Data for this exercise Start Marker

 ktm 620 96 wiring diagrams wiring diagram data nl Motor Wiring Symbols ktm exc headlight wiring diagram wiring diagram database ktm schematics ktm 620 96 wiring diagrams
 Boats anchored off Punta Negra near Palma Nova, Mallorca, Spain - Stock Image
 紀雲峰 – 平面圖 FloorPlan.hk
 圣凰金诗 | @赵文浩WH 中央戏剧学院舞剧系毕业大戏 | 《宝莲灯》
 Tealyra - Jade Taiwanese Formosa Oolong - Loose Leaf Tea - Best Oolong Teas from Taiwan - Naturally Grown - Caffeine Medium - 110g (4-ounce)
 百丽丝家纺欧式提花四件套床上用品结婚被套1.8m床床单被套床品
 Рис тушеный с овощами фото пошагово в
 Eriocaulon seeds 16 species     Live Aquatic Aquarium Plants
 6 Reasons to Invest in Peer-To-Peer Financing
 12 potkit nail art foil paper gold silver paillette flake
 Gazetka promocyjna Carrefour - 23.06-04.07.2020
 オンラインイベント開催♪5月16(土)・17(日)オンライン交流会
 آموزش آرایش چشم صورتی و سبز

Data for this exercise End Marker

Lines from the one with "12 potkit nail" through the final line of the listing above should be duplicated word for word, and nothing else included.

 12 potkit nail art foil paper gold silver paillette flake
 Gazetka promocyjna Carrefour - 23.06-04.07.2020
 オンラインイベント開催♪5月16(土)・17(日)オンライン交流会
 آموزش آرایش چشم صورتی و سبز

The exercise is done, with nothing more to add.